Music Analysis
From BluWiki
Contents |
Forecasting Top-100 Radio Music Success
Can we predict what defines a successful song in the top-100 music industry? Is it a deterministic function that governs success, or is it some sort of random stochastic process?
You could paraphrase this as the following: is it possible to write some sort of algorithm that will guess popular a song will be? It doesn't have to be entirely accurate, even 51% accuracy would be steps forward from what we currently have.
What do we mean by success? Success is the difference between a song that people hear once and ignore and the song that plays for months on end. It doesn't mean (very likely) that you as an individual like the song, music success means that a song grosses a lot of money. We could go into the whole philisopohical background of what makes a song that people like, but it might be easier to just look at the statistics and make conclusions from there.
Introduction
Popular music can be thought of as having several main components:
1. Lyrics -- the words that make up the song. Textual. You can grab all of this off of sites like lyricwiki.org, or write your own script that scrapes lyric websites. Not too difficult.
2. Sounds -- the sounds you hear -- the melodies, rythms, tempo, beats, key, etc. It's harder for computers to understand this. But there definitely is a way to derive this information; a Fast Fourier Transform is a good place to start looking. This is essentially how apps like Shazam work.
3. Cultural Aspects -- who sings the song? Is the artist popular? Has he/she released good music in the past? Is the song a part of a movie soundtrack? is there a story behind the song? When in the year was the song released?
Hypothesis
Hypothesis: There is a correlation between the contents (lyrical, sounds, cultural) and how successful a song is throughout its lifetime, and the correlation coefficient r2 is at least .6.
Methodology
Measuring a song's lifetime success
A huge aspect of this project is calculating how successful a song actually is. It's important to have a formal definition of "success," so we'll define it here. The ranking process is based on the American Billboard Top 100 (ABT100), the de-facto rating authority for music. Each week, the ABT100 releases a ranking of the most popular 100 songs for the week. For all intensive purposes, we will assume that these measurements actually measure how successful a song is. There is a strong correlation between the ranks and amount of money grossed.

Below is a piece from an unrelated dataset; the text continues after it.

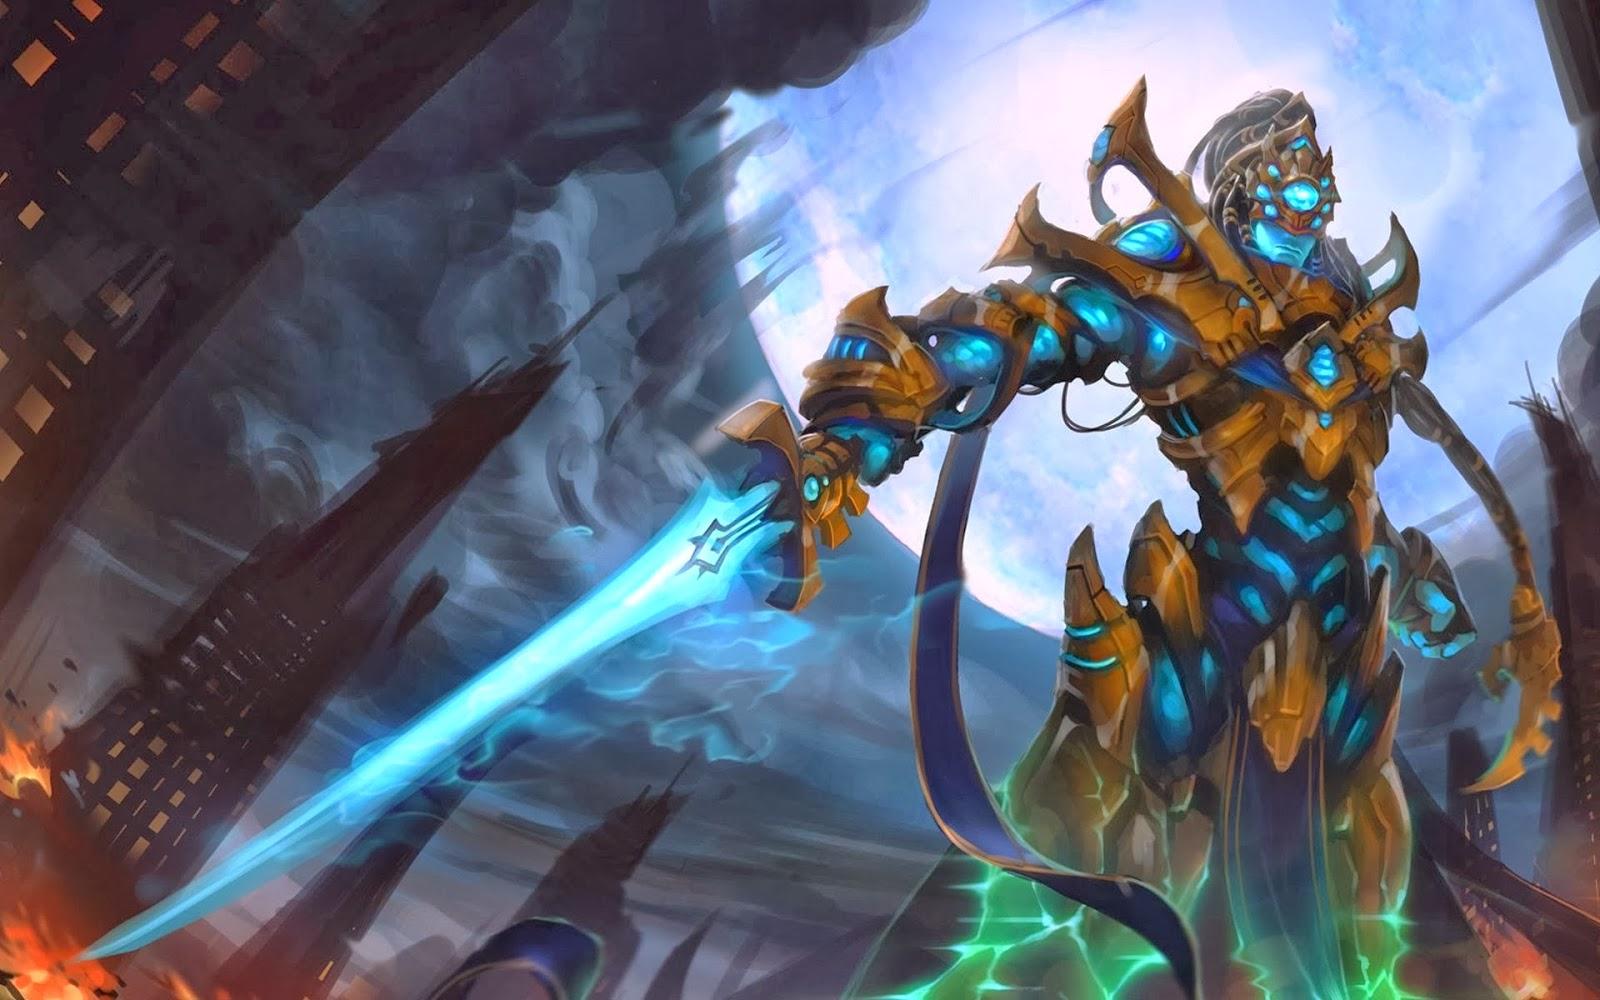 World Of Warcraft Wallpapers Hd Master Yi League Of Legends Wallpaper Master Yi Desktop

Songs are normally on the billboard for more than one week. Here's an example of how we will calculate a song's score:
| Week # | Rank on ABT100 | Score | Comment |
| 1 | 20 | 80 | Song debuts on billboard in 20th place |
| 2 | 10 | 90 | Gains momentum, jumps to 10th place |
| 3 | 1 | 99 | Explodes, gets first place. |
| 4 | 50 | 50 | Old news. Nobody wants to hear it anymore. |
| Song is no longer ranked. |
All this data is available on the Whitburn Project. In fact, this has a list of every popular song from the year 1890 and counting. I'm not sure if I'm allowed to link to the actual spreadsheet from here, but here's a link: Billboard Pop ME 1980-2008.xls.
Analyzing Attributes
So we mentioned several characteristics of each song. Lyrics, sound, and culture. I don't want to go into analyzing culture quite yet, but it could very well have some interesting information available. If culture did say something about the song, one could make conclusions about how good a song will be before it's even written. Interesting!

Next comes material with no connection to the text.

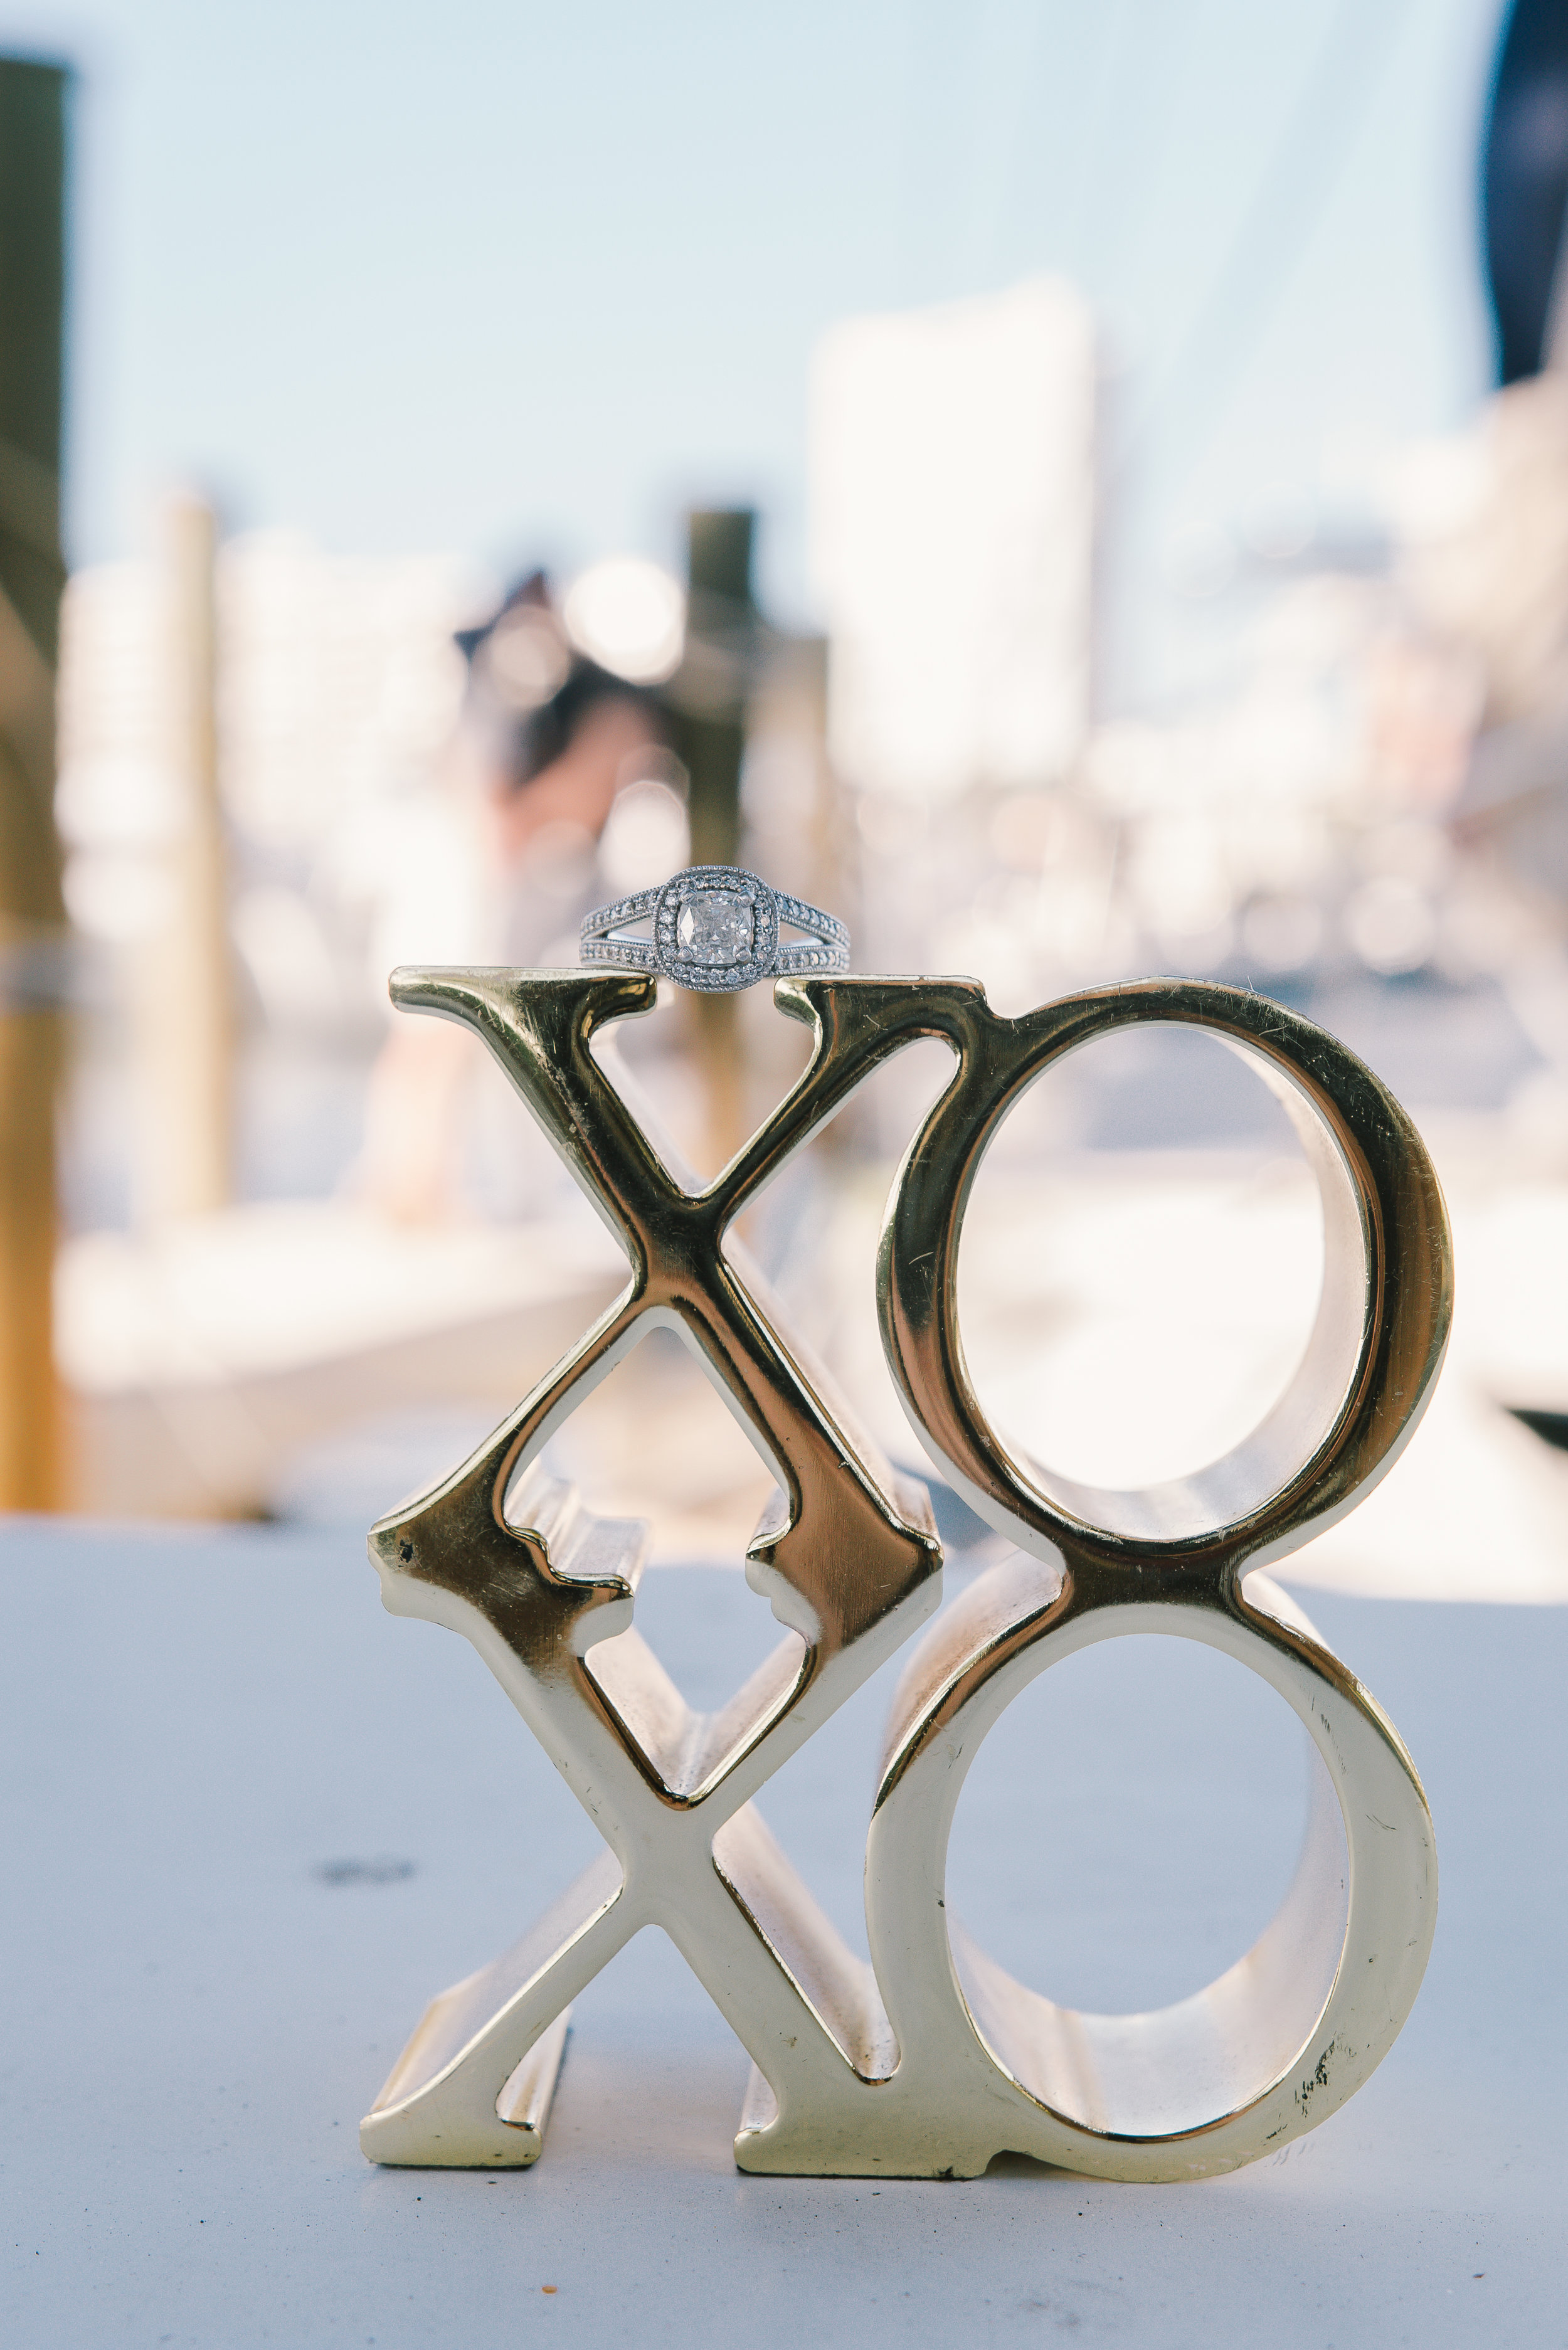 Sarasota-engagement-session, ring-shot

Doing transforms on the melodies will be a huge computational challenge. It would also require downloading all of the songs and sorting through a LOT of noise to find the actual music signal. There is certainly some value in here, but it would be much easier to start off with the lyrics to describe a song.
Lyrical & Semantic Comprehension
- Latent Semantic Analysis seems like a very, very good contender. Most of the LSA tutorials I've walked through have had the following steps:
- Aggregate all documents into Document Vector D: { d1, d2, ... ,dn}. Each element in this vector represents a document, in our case, a song.

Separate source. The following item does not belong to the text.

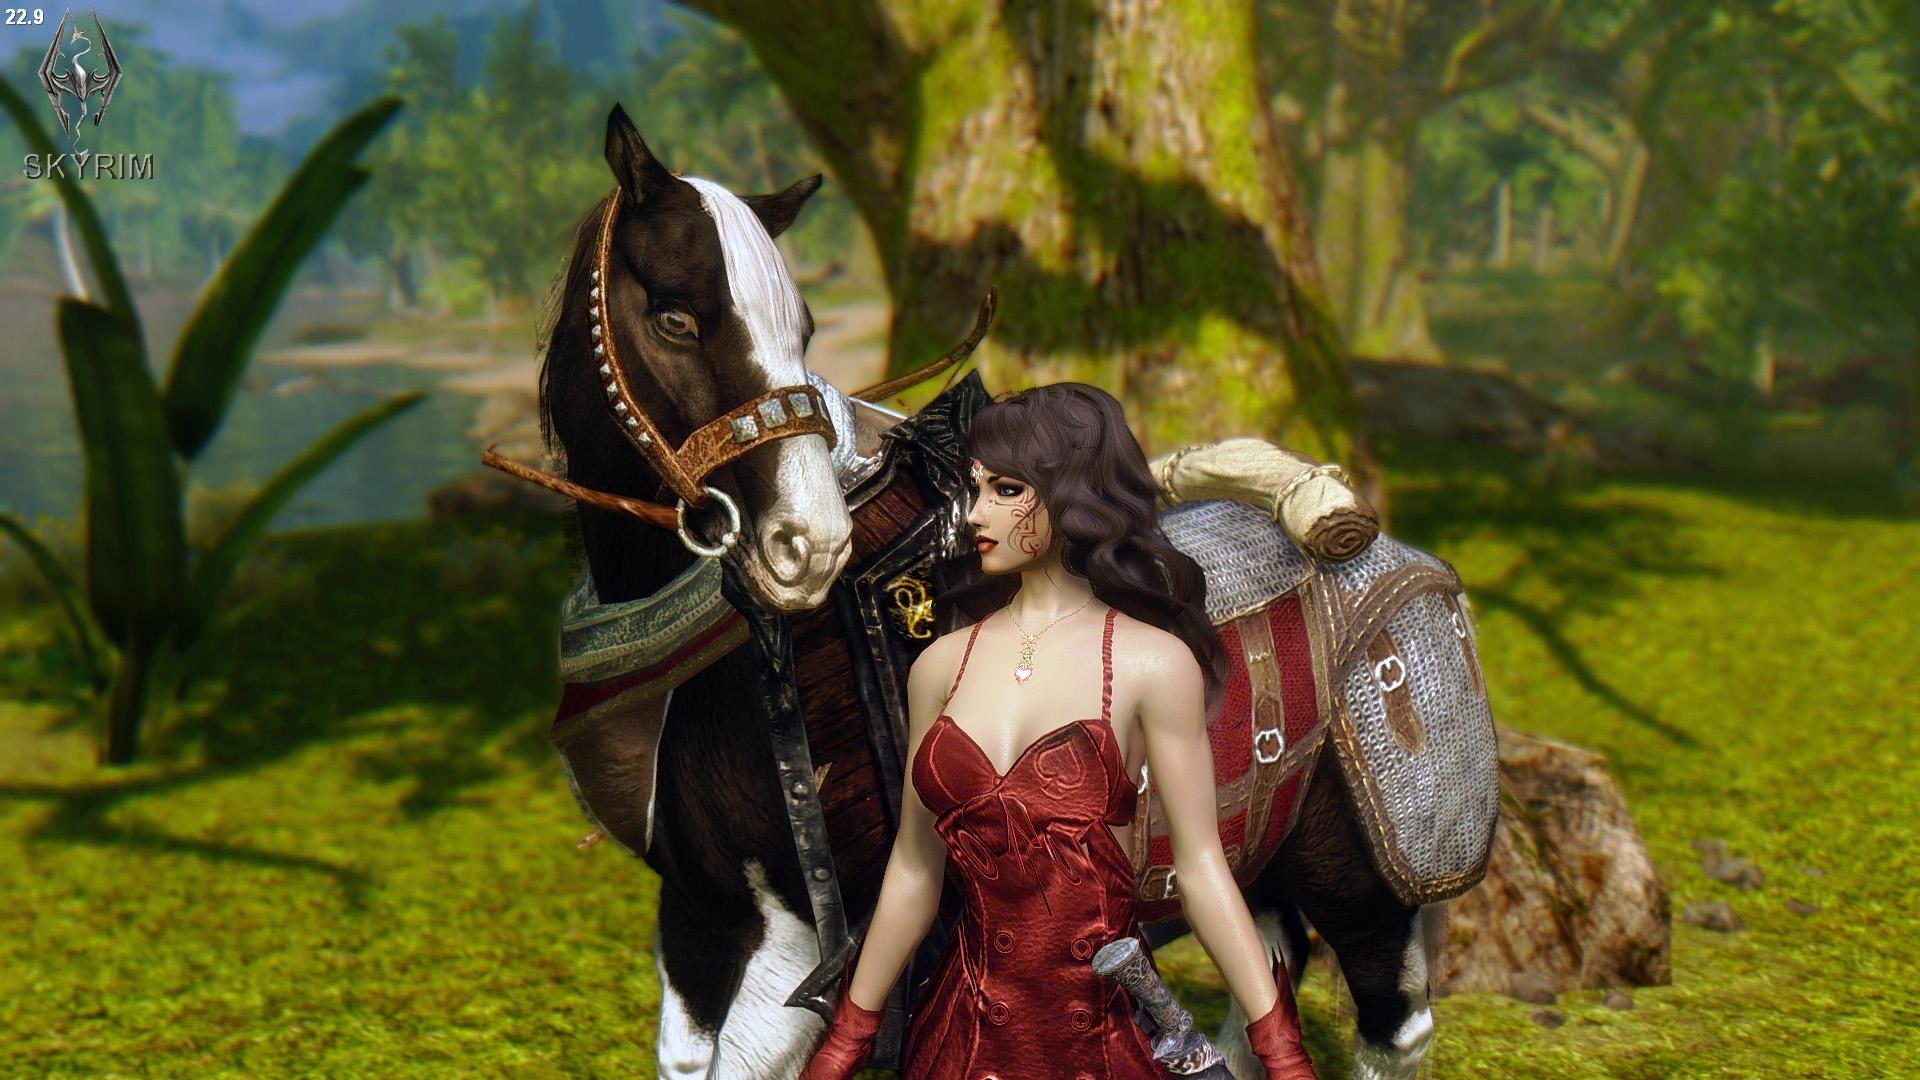 018. Алисса, поехали!.jpg - Elder Scrolls 5: Skyrim, the CBBE, Сборка-21

- Normalize Text by making everything in lowercase and cleaning up whitespace
- Stem words using some stemming algorithm. Stemming algorithms simply trim off the endings of words This turns, for example, the word "going" -> "go", "passive" -> "pass", etc.
- Tf-idf: This is a brilliant step. It finds the important words in document by comparing that word's relative frequency to the frequency throughout all of the documents being compared. Stemming algorithms realize that the word "that" isn't very important because it appears everywhere, but "smack" is a more important word.
Source Code
I started this off with a school project; I'll post the source code on github.
Interested?
Email me if you have any questions, my email is omar.bohsali@gmail.com. I'm also in #musicanalysis on freenode.
Comments
Sam:
Sounds interesting. I think the "cultural" variable will have the highest correlation but will also be the least interesting (since the market(aka record labels) already take it into consideration when deciding how much an artist's contract is worth.
I don't need to know that a song by Britney Spears is more likely to be successful than one by an unknown. I do want to know if a song by an unknown is likely to be more successful than one by an also unknown peer.
To do that I'd suggest focusing on correlating only lyrics and sounds to the success of a song.